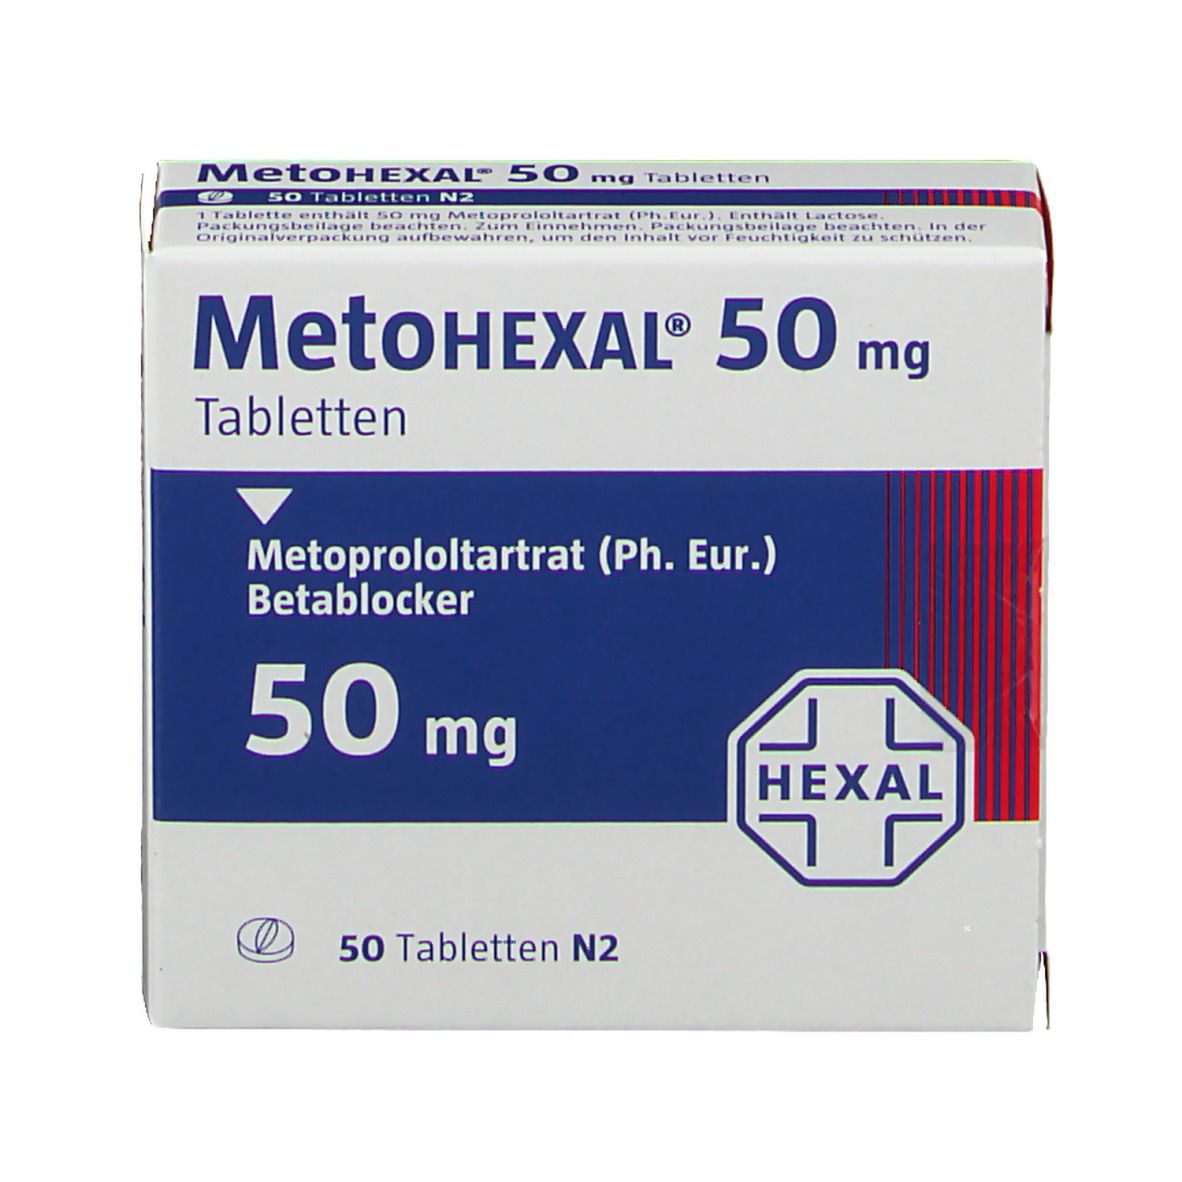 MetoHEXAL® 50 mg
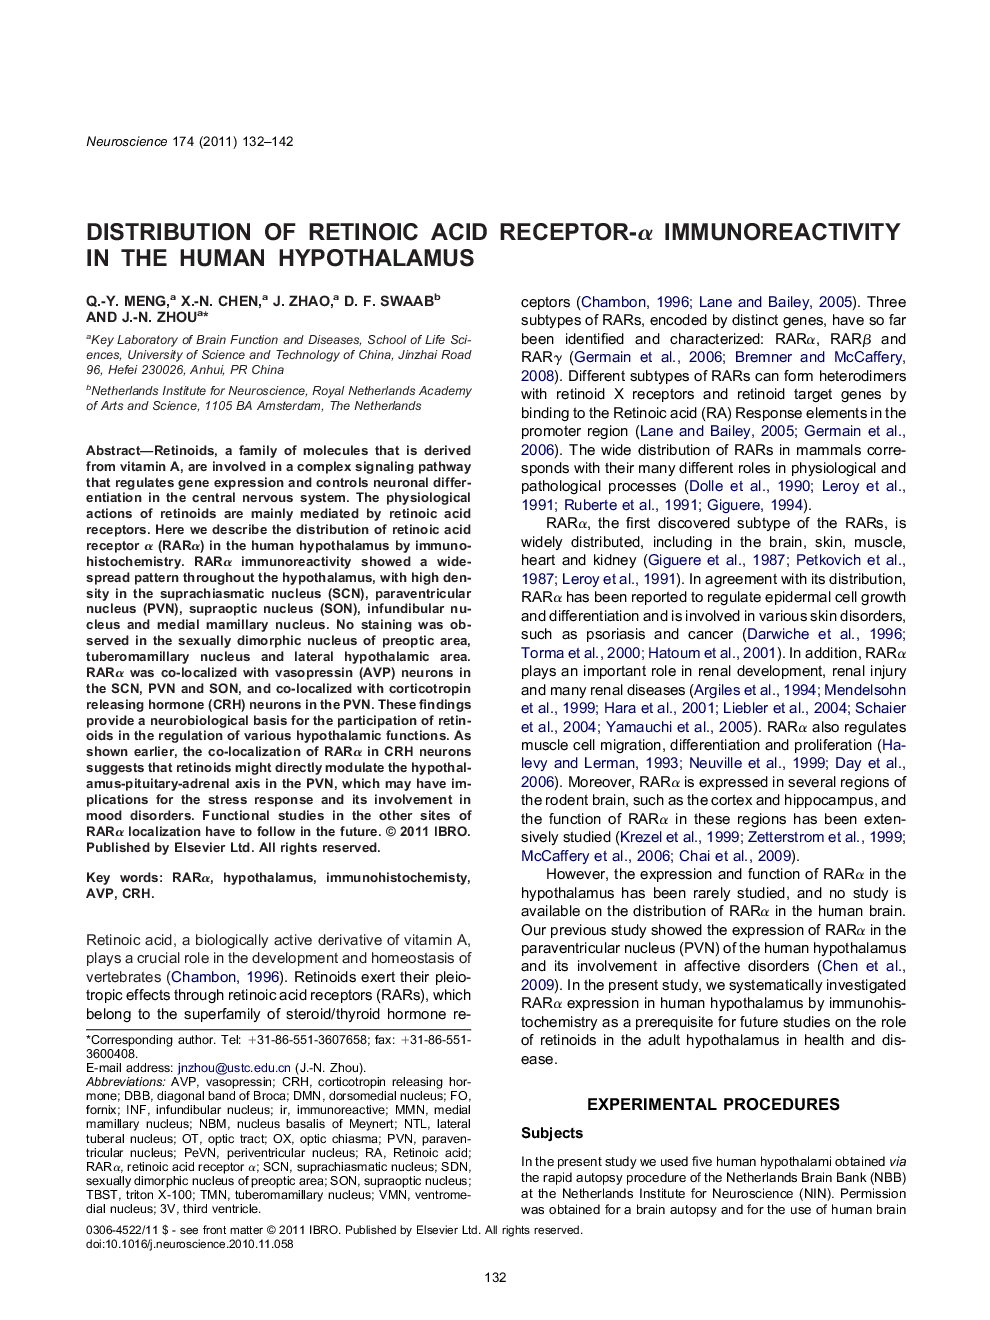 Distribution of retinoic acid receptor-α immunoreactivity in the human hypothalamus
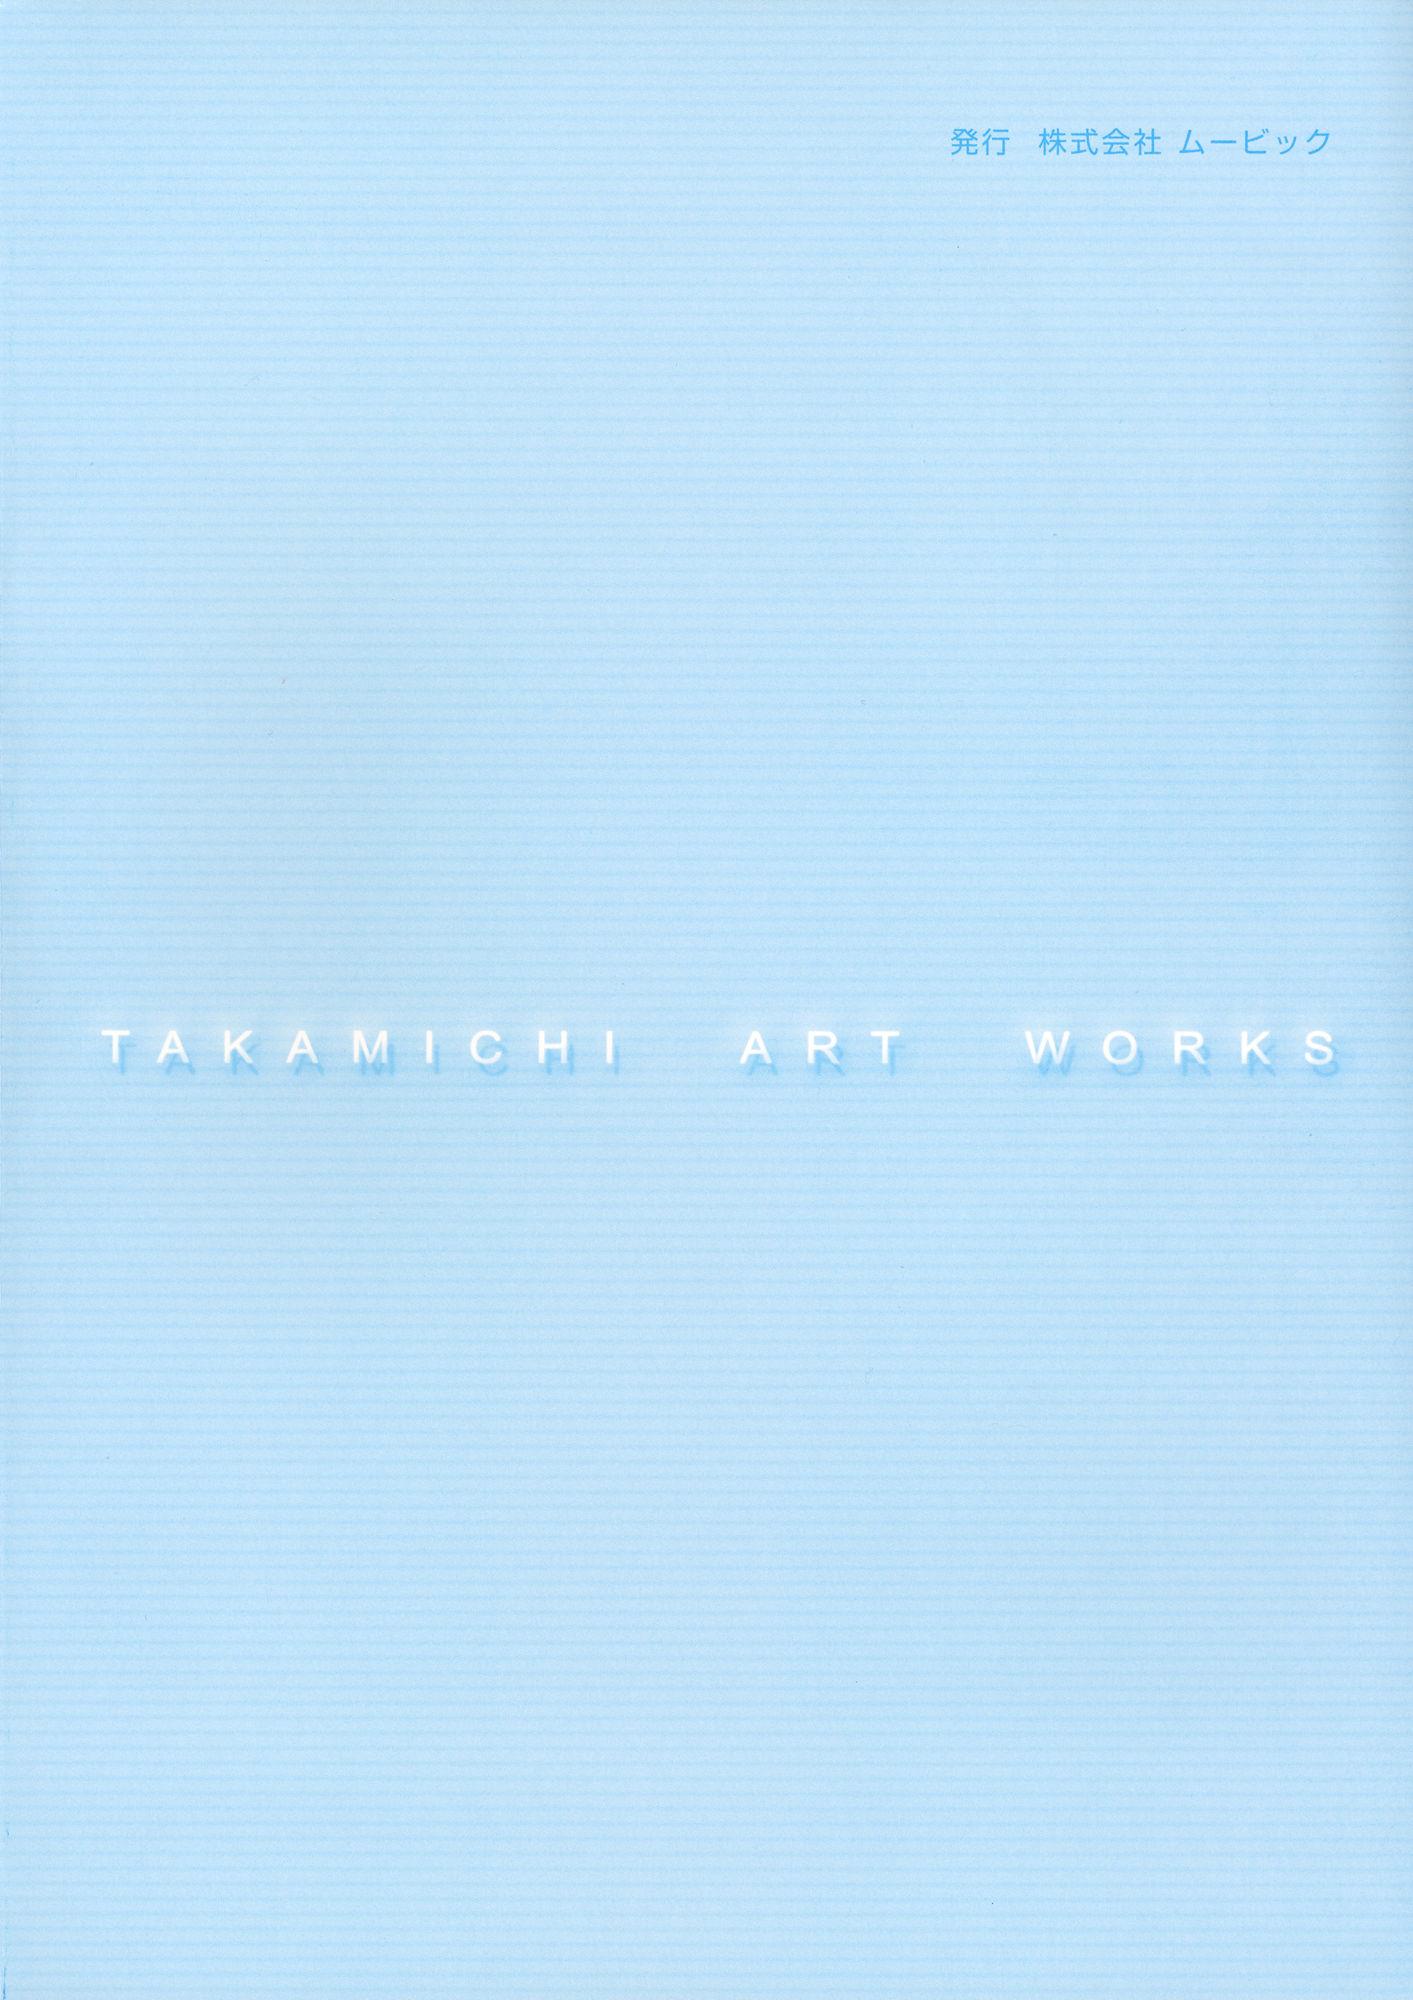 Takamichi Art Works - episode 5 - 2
________________________________________
--- INSTRUCTIONS TO FOLLOW ---
Please keep every line of the data the same when you reproduce it, and keep every picture out.

--- ANSWER TO THIS TASK ---
 MetoHEXAL® 50 mg
 Distribution of retinoic acid receptor-α immunoreactivity in the human hypothalamus
 Takamichi Art Works - episode 5 - 2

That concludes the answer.